What platforms don't have threadlocal? Webassembly is one example. All of the embedded RISC-V. That's more interesting. There are no threads. The reason I'm asking is that if we could provide a function, for let's say we have synthetic nonces and then we could give you a key generation function where you could add entropy to double the computation times but avoids all of these API discussions entirely. Say I give you a key generation function where you can add entropy, and then it would derive the p value at runtime without context at all? And then we can remove the context completely? I'm sorry. I would love that though, I think that would resolve. It's so much more simple but it does come with a significant cost of doubling the computation time. Maybe users could decide and we just offer both.

With synthetic nonces, the only advantage of randomization is in the key generation. Yes. If we actually do synthetic nonces, then we should do this. Could we provide not more entropy but instead hash the private key and use that as randomness? In the tweak case, you can't. Deriving the same public key multiple times will be deterministic, too. Unless we had a destruction counter or something... but that should be provided externally. I guess we could add a callback whose job is to somehow side-effect..... on ARM, you can't read the instruction counter without a syscall. In x86, you can just call the LD run and that's it- well, very modern x86. On very secure x86. Let's not have that fight here. No proof of Intel. It might help on some platforms.

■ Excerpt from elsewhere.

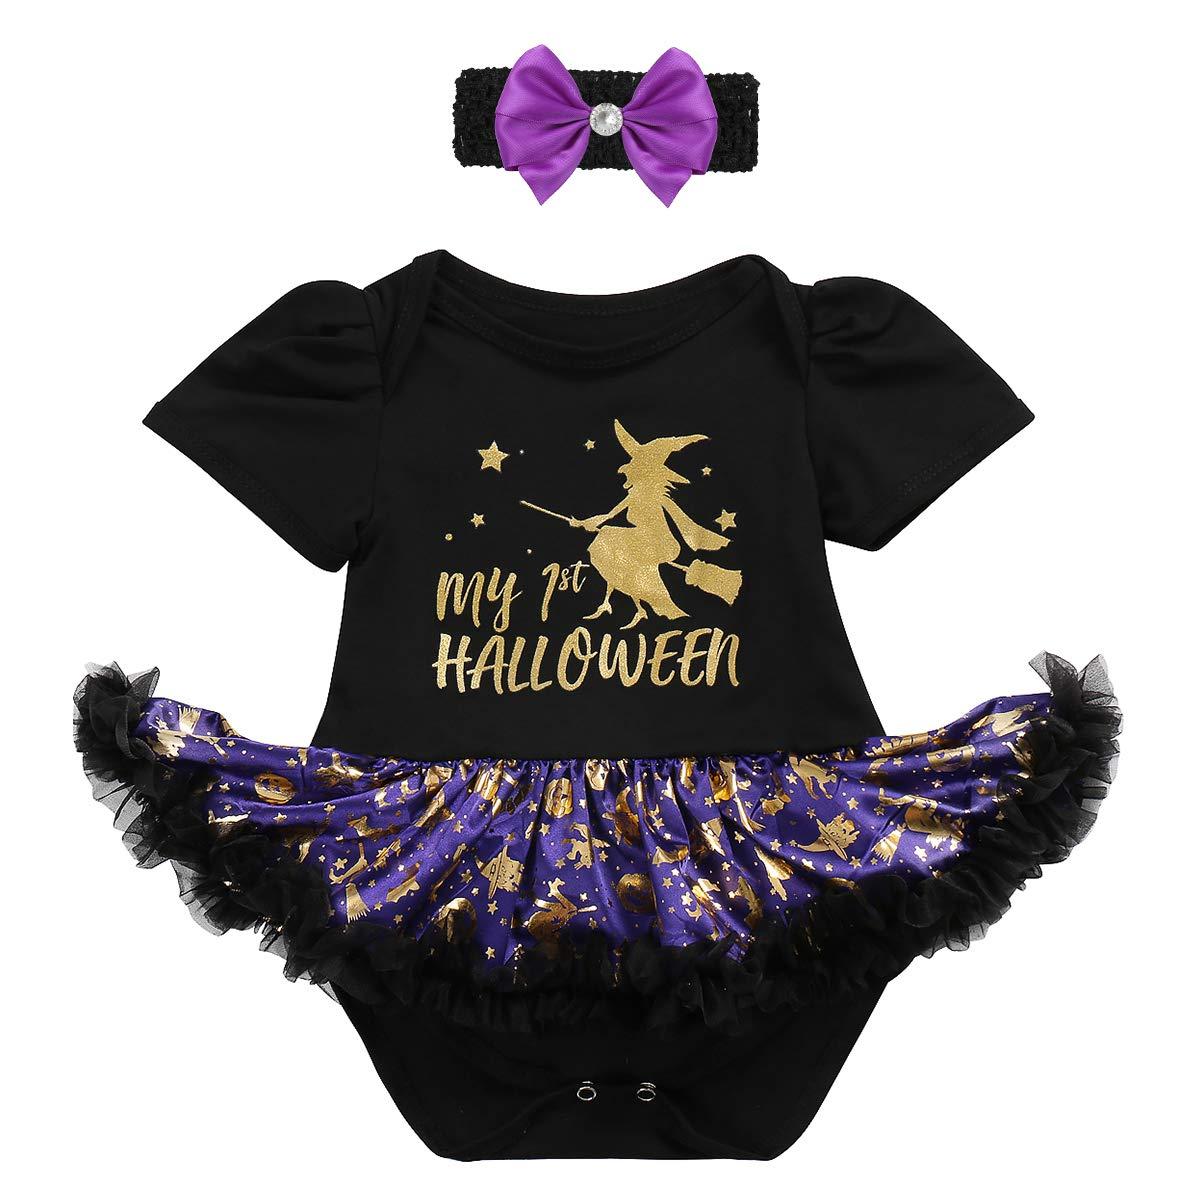 991196e9f8f1 Amazon.com  My 1st Halloween Baby Girls Romper Dress+Headband+Shoes Tutu  Outfit Fancy Dress Party Costume 2 3Pcs Set Infant Clothes  Clothing

.... a random value isn't... it should be ephemeral, the kind of protections on it. It's not even secret from the attacker, we hash it together with the secret key. It's like the meta counter in synthetic nonces. It depends on the attacker model, again. But sure. If the attacker can read your sha256 memory, then.... yes, that's why I brought this up. There is a more advanced attacker model. Randomness is better than public randomness, and randomness is better than a counter, and a counter is a whole lot better than nothing.

I would really like to have an API where I don't have to mutate a context.

We could have an atomic counter in secp. But that requires atomic variables. In rust we somehow for some reason have atomics. Either they have atomics or they are single-threaded.

Action items: make an API. Make two keygen APIs. And one for the public tweak functions too. Maybe add an API to generate the extra randomness and that one can do platform-specific weird things. I don't want that inside the normal... We can do it external, but we can provide the external thing. The keygen API is the main item.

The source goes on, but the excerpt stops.